- Una copa más de coñac. La última, lo prometo.
Irene,
completamente borracha, sentada en la parte de atrás del lujoso
vehículo de su amiga Silvia, suplicaba por un poco más de alcohol.
Aún no había tenido suficiente con todo el que había ingerido en
la fiesta de la que acababan de salir. Ahora, dentro de ese coche
gris metalizado que se encontraba estacionado en aquel aparcamiento
público vacío, mendigaba por un trago más. Silvia, también bajo
los efectos del alcohol pero todavía con cierto control sobre sus
actos, observaba de arriba a abajo a Irene, en medio de la oscuridad
de la cálida madrugada veraniega.
- No pienso darte esa copa. ¿Acaso no te has visto? Una mujer decente como tú, toda una señora y mírate: me has hecho parar aquí el coche porque no aguantabas más y has echado una meada kilométrica ahí fuera. No puedes casi ni articular palabra ni mantenerte en pie. Tienes el rimmel corrido, el maquillaje desdibujado y el vestido descolocado y descompuesto. Cualquiera que te viese así pensaría que eres una puta en lugar de una exitosa y acaudalada empresaria- le replicó Silvia, mientras contemplaba el tanga rojo de su amiga, que asomaba nítidamente entre la piernas de ésta, bajo el vestido negro y corto de lentejuelas.
Silvia
jamás se había sentido atraída por una mujer, pero ahora notaba
una sensación extraña: tal vez era culpa del vino, de la ginebra y
del coñac que había bebido, o del calor asfixiante de la noche, o
de ese tanga de encaje del que no podía apartar la mirada y a través
del cual divisaba la fina y cuidada tira de vello púbico sobre la
raja del sexo de su amiga.
Irene,
sin embargo, seguía insistiendo de forma incansable, hasta que trató
de arrebatarle la botella a Silvia.
- ¿Quieres más alcohol, no?- la cara de Irene se iluminó al oír la pregunta pero pronto cambió a gesto de asombro al ver cómo Silvia comenzaba a desabrocharse su blusa azul botón a botón: primero, todo el escote; luego, los duros y firmes pechos desnudos sin sujetador quedaron al descubierto. Silvia abrió la botella, la inclinó un poco sobre su torso y bañó los senos de coñac. El líquido empapó los oscuros y tiesos pezones y resbalaba hacia abajo, llegando al vientre y humedeciendo la cinturilla de la falda negra de la mujer.
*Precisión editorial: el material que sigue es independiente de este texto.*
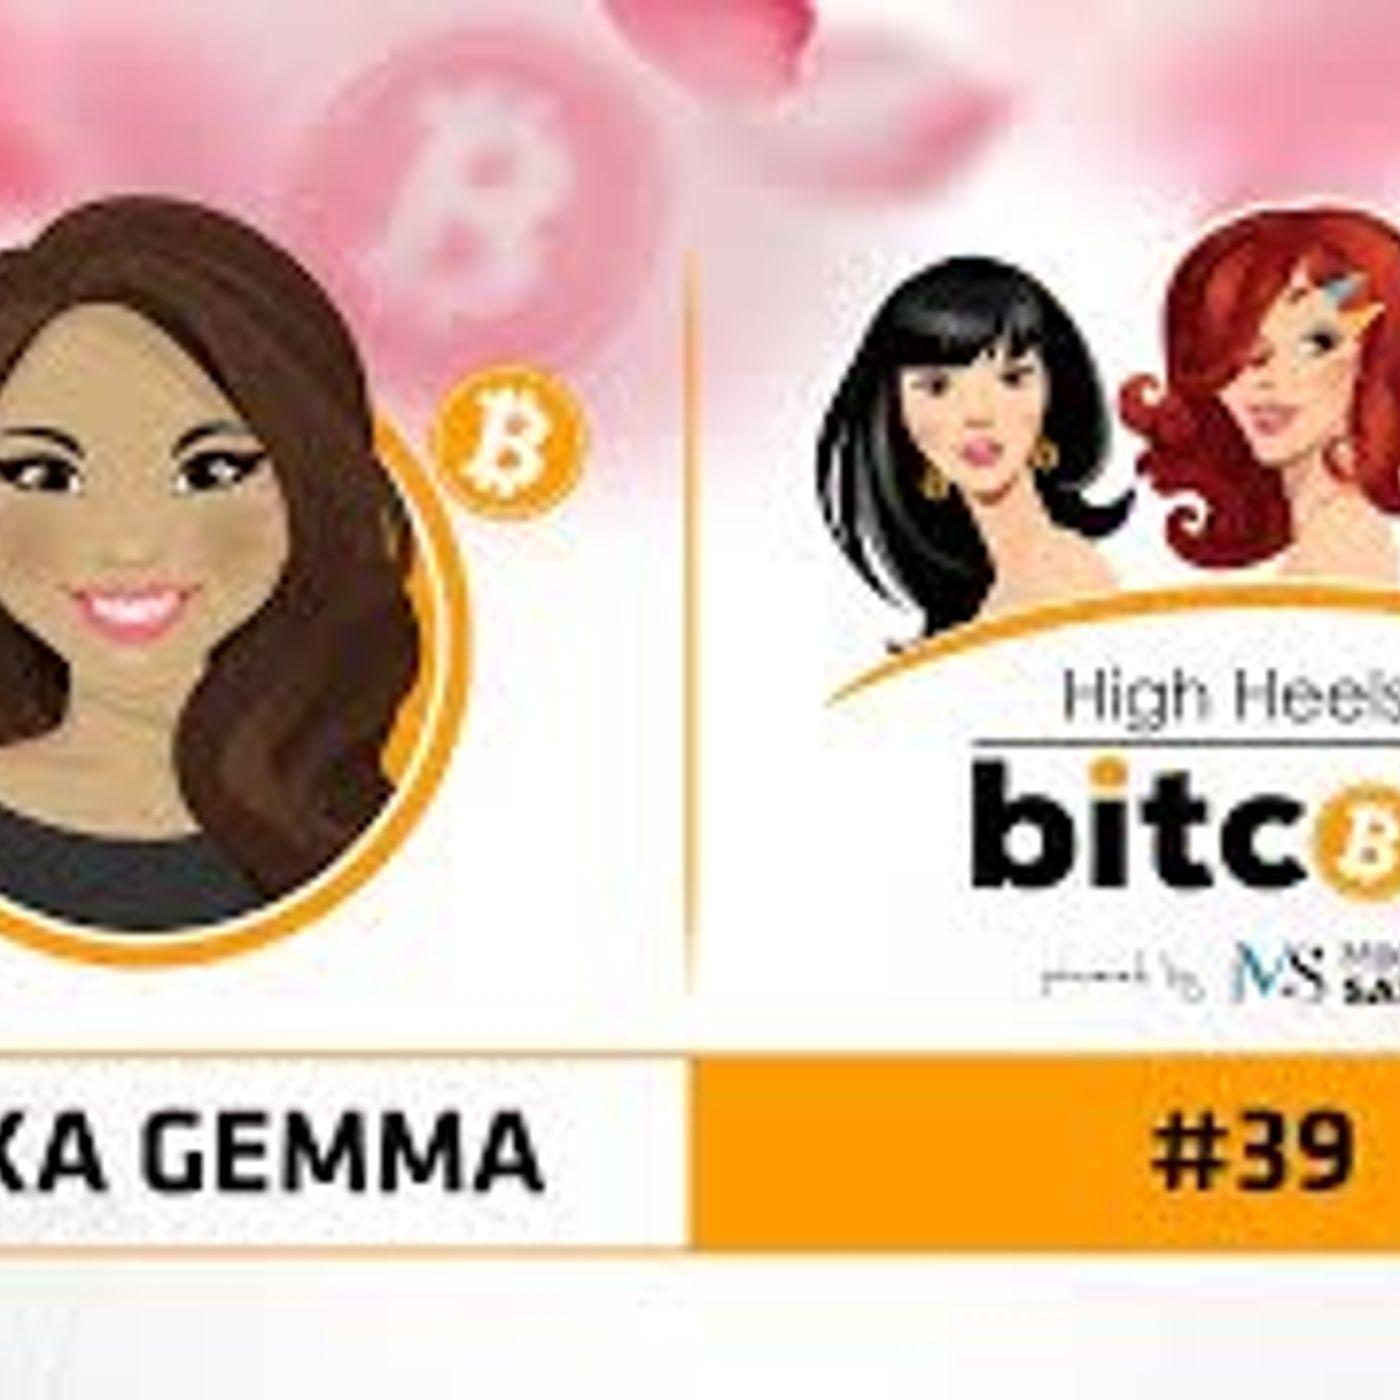 High Heels of Bitcoin #39 | Eryka Gemma - CEO Bitcoin Center Miami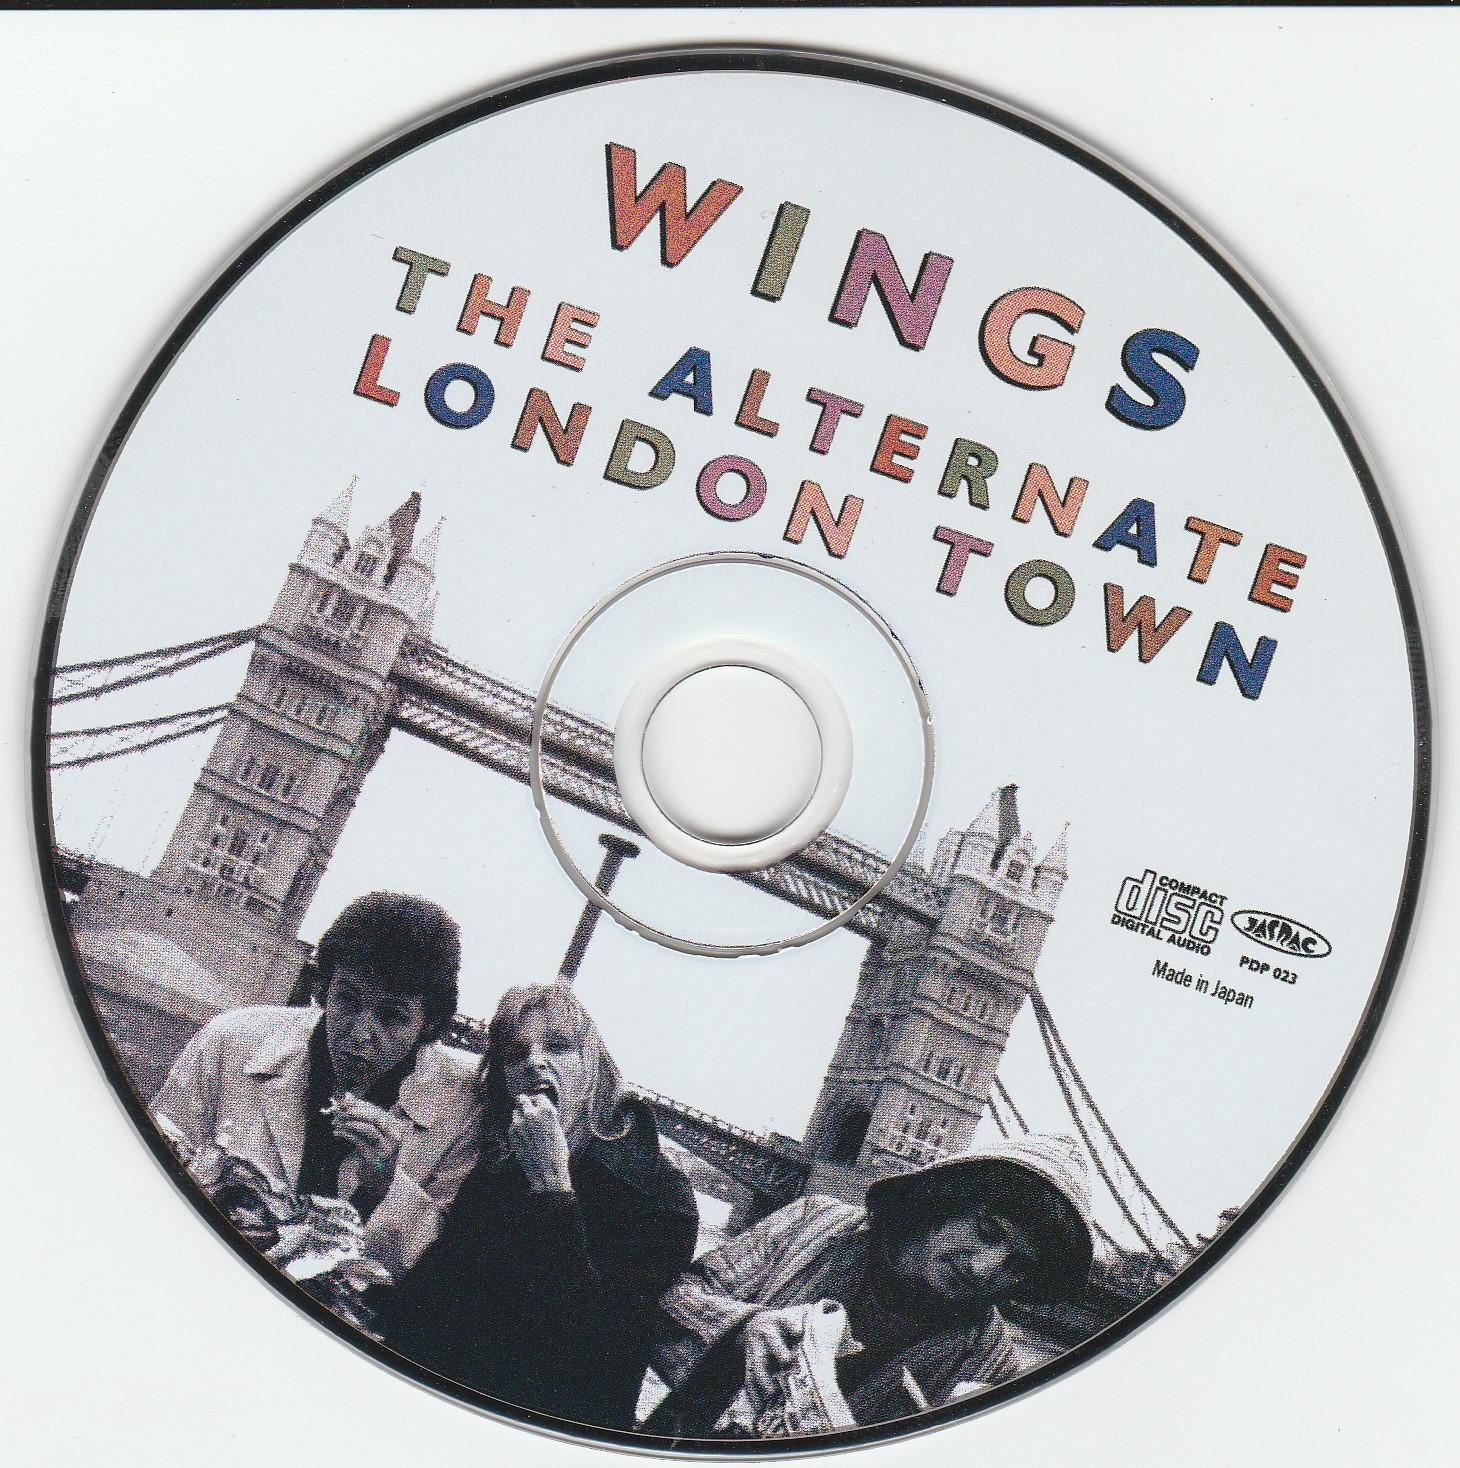 Las Galletas de Maria: Wings - The Alternate London Town (2002 UK)

- Si quieres beber, tendrás que hacerlo sobre mi piel, lamiéndola con tu lengua para aprovechar el coñac- dijo Silvia.
Irene
sonrió y no lo dudó ni un instante: acercó su rostro al cuerpo de
su amiga, abrió la boca y con la húmeda lengua comenzó a chupar el
coñac en los redondos pechos de Silvia, haciendo círculos,
bordeándolos lentamente para, por fin, continuar hacia la cima de
las tetas y rozar los pezones.
De la boca de Silvia empezaron a
abrirse paso gemidos que se hicieron más intensos en cuanto notó
los labios de su acompañante aprisionando aquellos dos carnosos
botones y al sentir cómo la mano de Irene se metía entre sus muslos
abiertos y avanzaba hacia la entrepierna. Ningún obstáculo encontró
al llegar la meta: no había bragas ni tanga que le impidiese tocar y
acariciar el coño húmedo, palpitante y depilado de Silvia.
Y
así, mientras Irene le comía a su amiga intensamente los pechos,
saboreando el coñac, y le metía varios dedos en el coño
penetrándolo una y otra vez con vehemencia, a escasos metros el
vigilante del aparcamiento se hacía una soberana y, a la postre, muy
lechosa paja contemplando a escondidas el espectáculo lésbico.